Friday, April 13, 2012

UC Berkeley: “Teaching as a Subversive Activity”: The Theory of Political Indoctrination

Last weekend I visited the U.C. Berkeley campus and on a whim attended a lecture with the provocative title “Teaching as a Subversive Activity — Revisited.”

Because this was a presentation aimed at education insiders only, the lecturer, retired professor H. Douglas Brown from S.F. State, seemed perfectly willing to let the cat out of the bag about political indoctrination on college campuses.
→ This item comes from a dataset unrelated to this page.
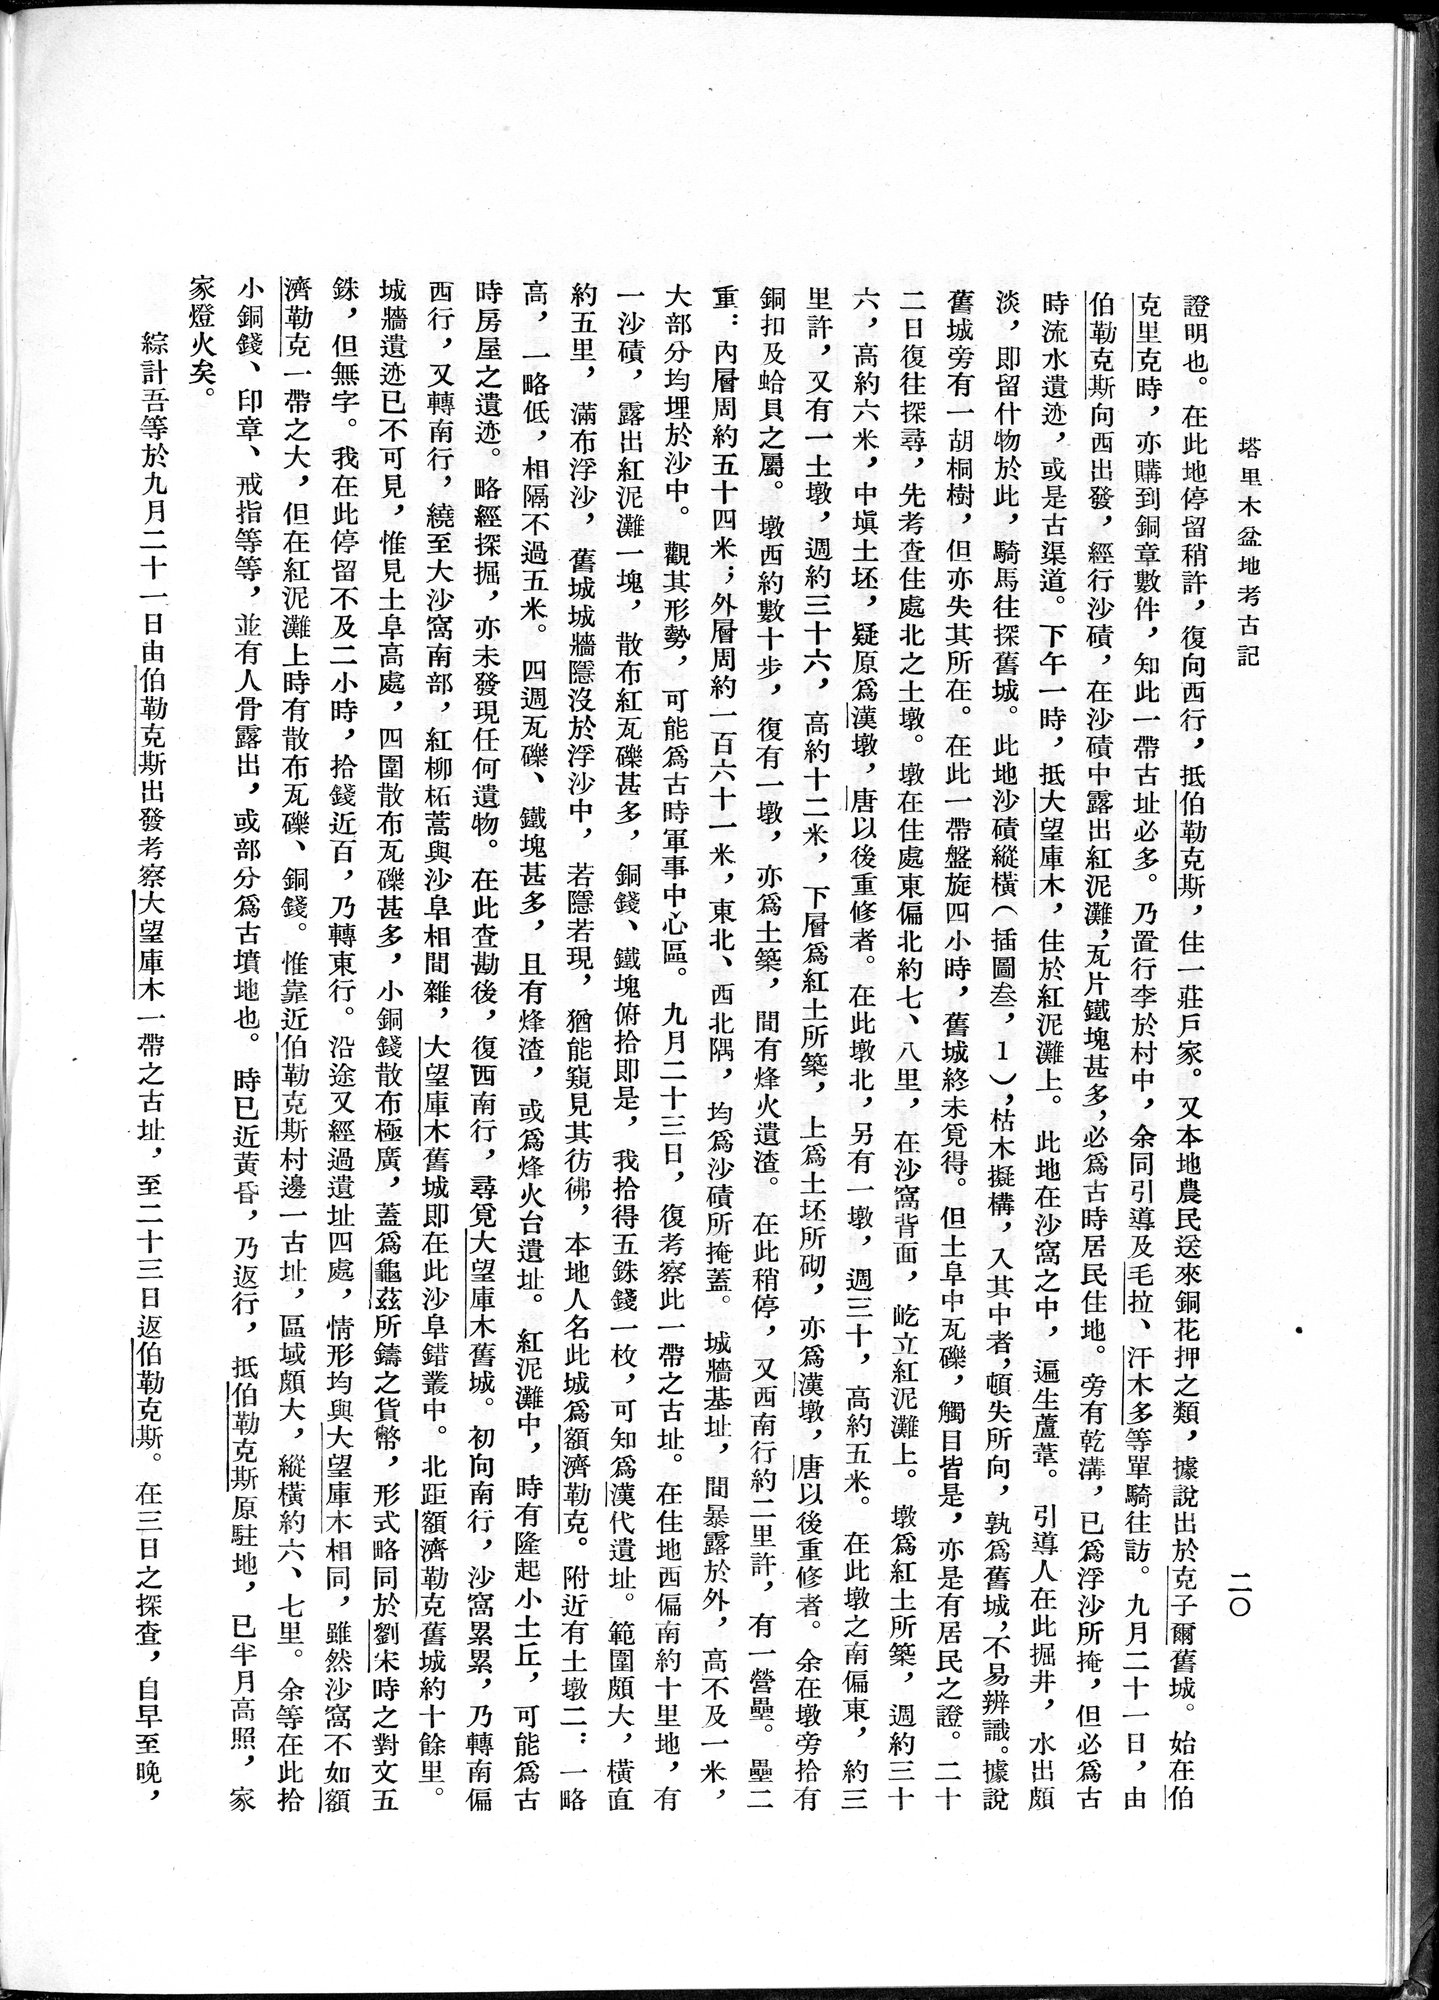 塔里木盆地考古記 : vol.1 / Page 44 (Grayscale High Resolution Image)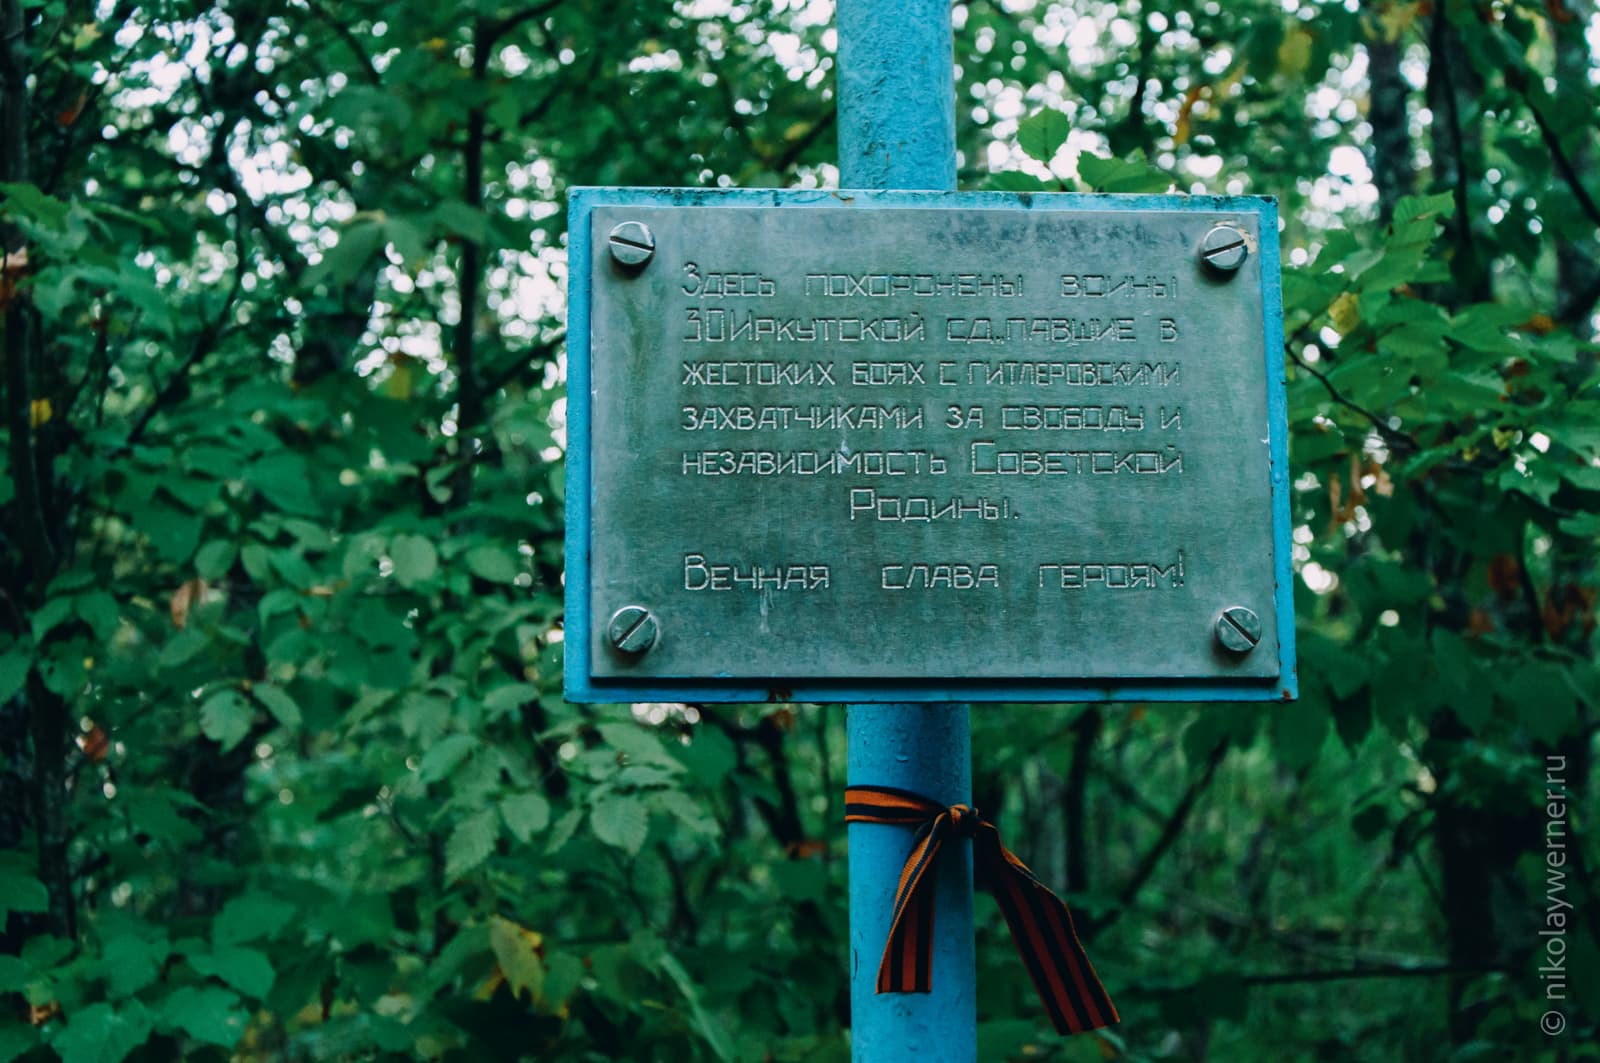 Синяя труба, на ней металлическая табличка с надписью: "Здесь похоронены воины 30-й Иркутской сд павшие в жестоких боях с гитлеровскими захватчиками за свободу и независимость Советской Родины. Вечная слава героям.«

Fortunately, I had my trusty camera with me, so I was able not only to snap a few pictures but also record several key portions of his speech, which I found so eye-opening that I felt the general public deserved to hear it as well.

The timing couldn’t have been better: A devastating new report issued by the National Association of Scholars had just been issued a few days beforehand, which documented with exquisite and irrefutable detail the extreme liberal bias at the University of California. However, the main problem with the NAS report (which you can download in full here if you’re interested) is that it’s too overwhelming and too technical to deliver the kind of emotional impact needed to sway public opinion. To drive home the point in a more personal way, the NAS report needed an introductory companion anecdote of a professor frankly confessing the rationale behind what is essentially the “theory of indoctrination.” As if on cue, Professor Brown stepped into that role, unwitting though he may have been.

Let it be noted that Professor H. Douglas Brown is no wild-eyed extremist; in fact, he’s rather bland and respectable and not the most thrilling of speakers, as you will soon hear. But that’s what made his presentation so disturbing: radical and self-admittedly “subversive” attitudes that affect the future of society are discussed with matter-of-fact nonchalance. The main drawback of Professor Brown’s verbal style (at least from my point of view) is that he often resorts to the academics’ tried-and-true escape hatch, which is to rephrase statements as questions, so as to have plausible deniability if later confronted. Thus, for example, instead of just flatly saying something like “We should indoctrinate students with leftist ideologies,” he asks “Should we indoctrinate students with leftist ideologies?” and only after five minutes of talking in circles eventually concludes “Yes.”